EVERYDAY CYCLIST (2) - CYCLING IN WALES

August 2005

After a few attempts at commuting to work on my mountain bike, I decided it was time to try a proper ride as I felt that surely I knew everything there was to know about cycling. So, I bought a map of Wales, yes a paper map, and plotted a course which I thought would be suitable. All on roads, of course, as I didn’t really believe there was all that difference between my steed and a road bike. I didn’t know the area and the nature of the terrain so I opted for a loop around the Elan Valley and its stunning reservoirs, which give Birmingham clean water.

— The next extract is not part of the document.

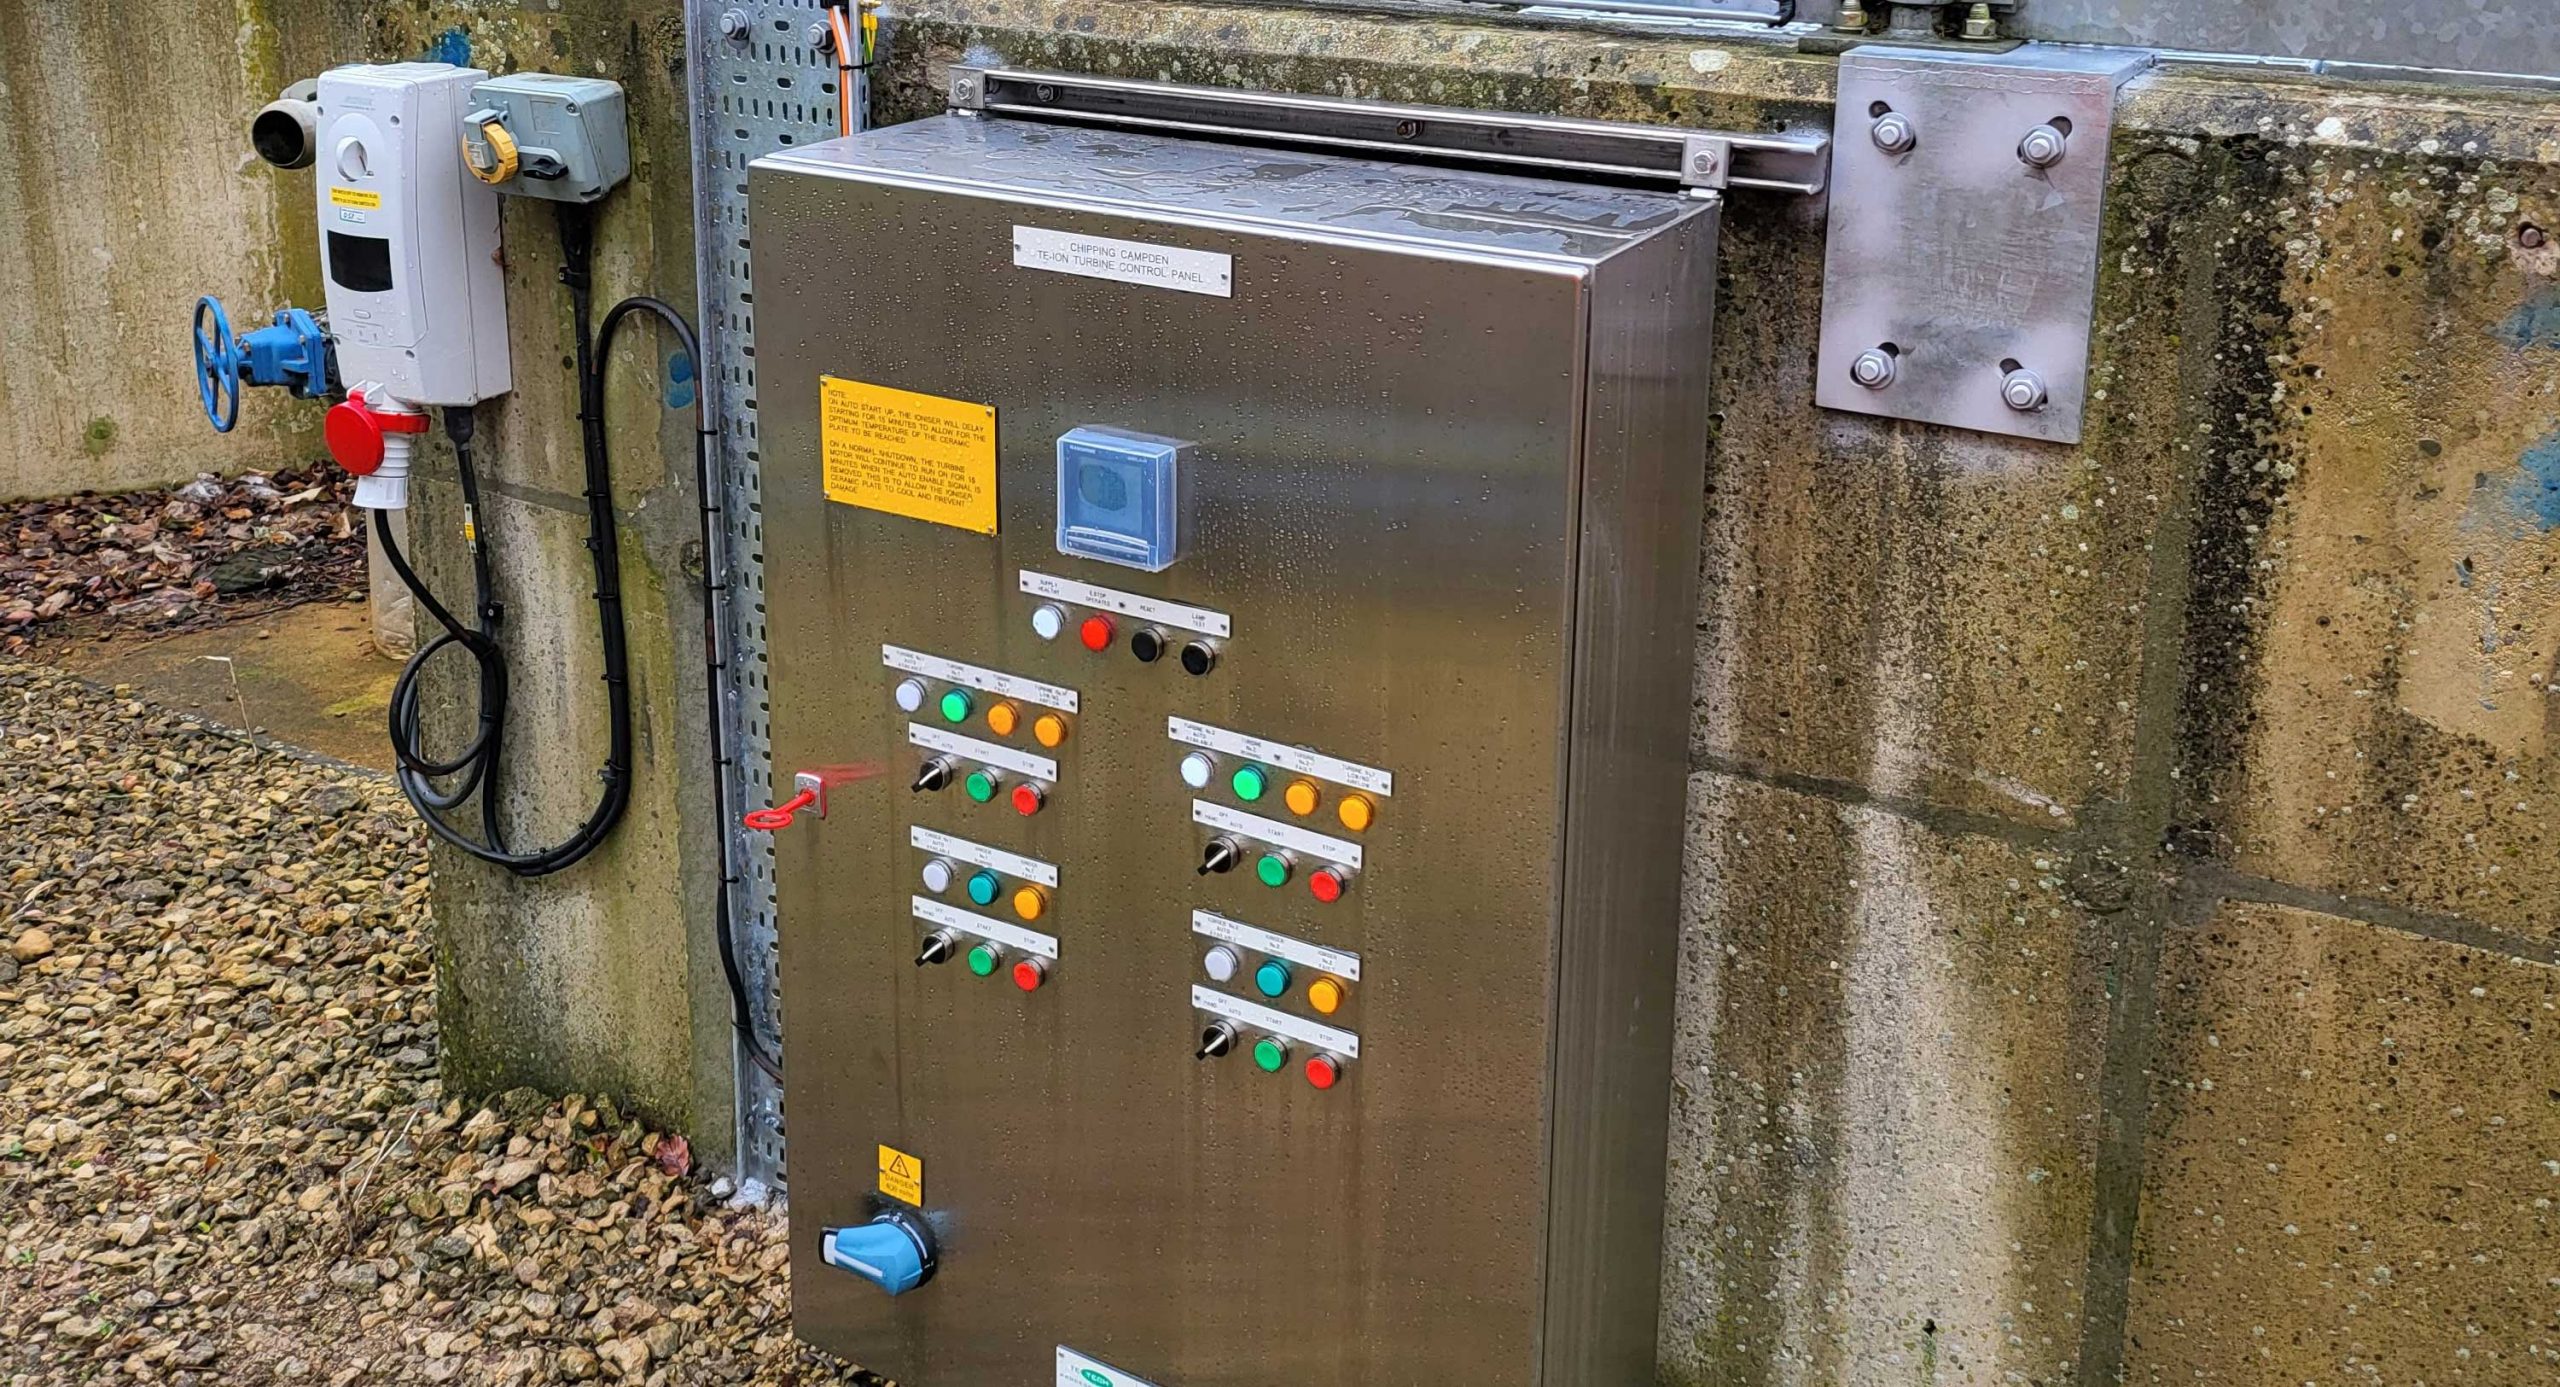 Te-Tech install te-ion advanced oxidation technology at Severn Trent’s Chipping Campden works
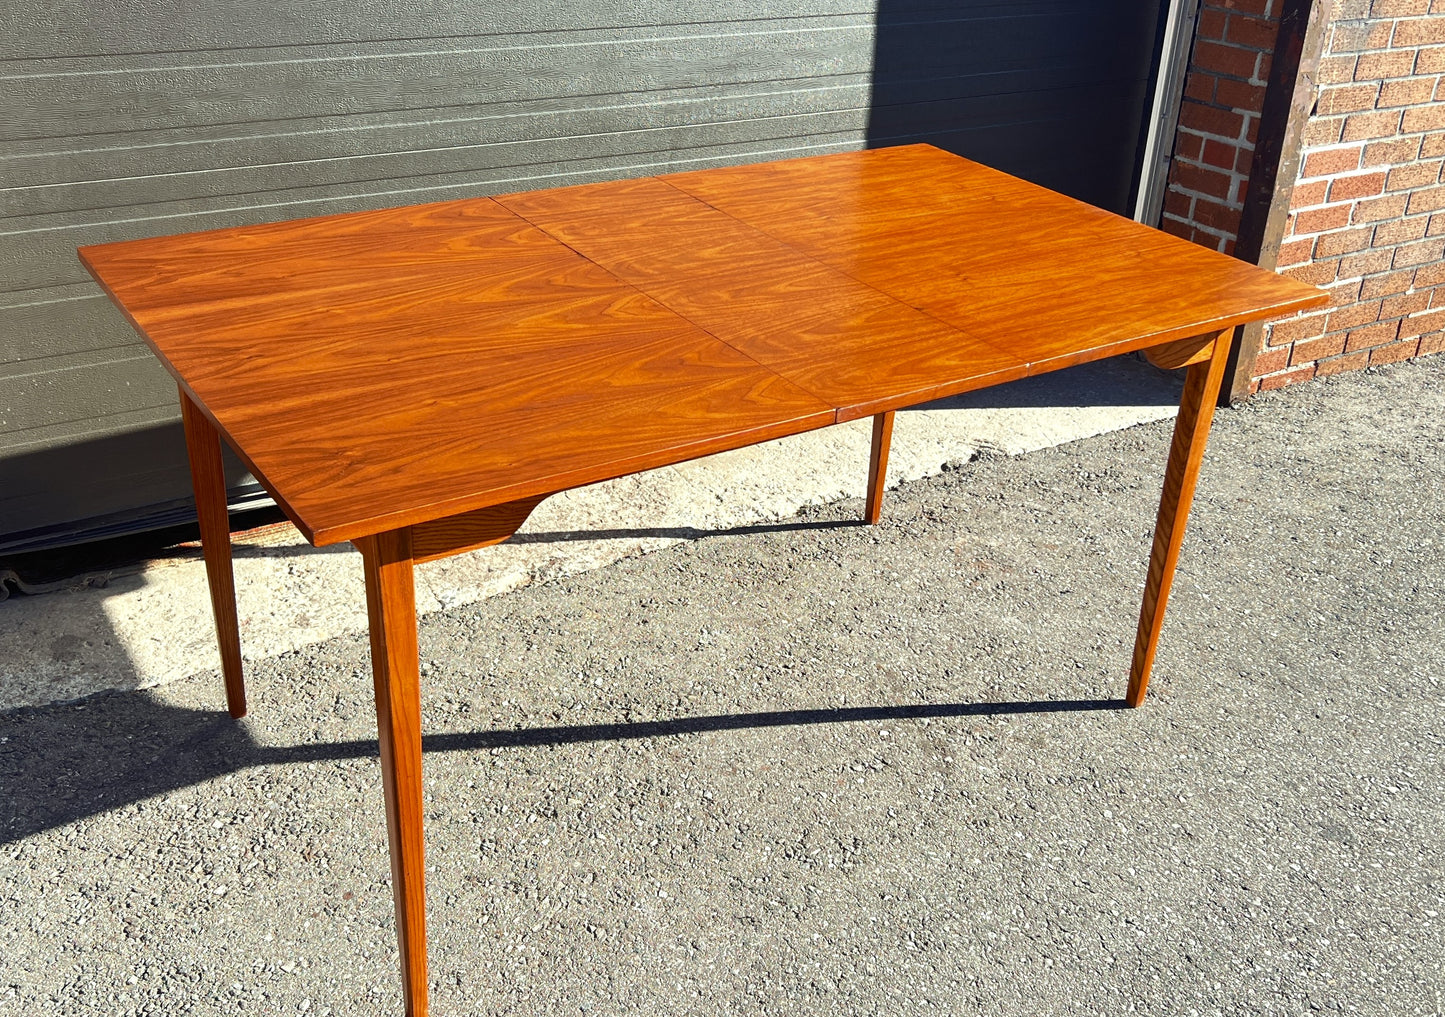 REFINISHED Mid Century Modern Walnut Extendable Dining Table 48"-60"

I booked a B&B in Rhayader in at Gigrin Farm, which doubled up as a Red Kite feeding farm. It had the smallest room I’d ever slept in but was cosy and, although spartan in its offerings, it suited me fine. No space for my bike so it had to ‘sleep’ in the car.
I proved to be quite an amusement (i.e. ridiculous) to the hosts, not many lycra clad guys around the area, at least back then, and I could sense from their looks the many questions as to why I would entertain the idea of dressing up like that.
The plan was to head down the Valley, coasting the reservoirs, then up towards the village ominously called Devil’s Bridge Falls, then head south and across to Beulah for the final leg up to Rhayader.
Up to that point in my cycling experience I had not done any sort of climbing and this trip would surely confirm my belief that I could ride anywhere by now. Little did I know.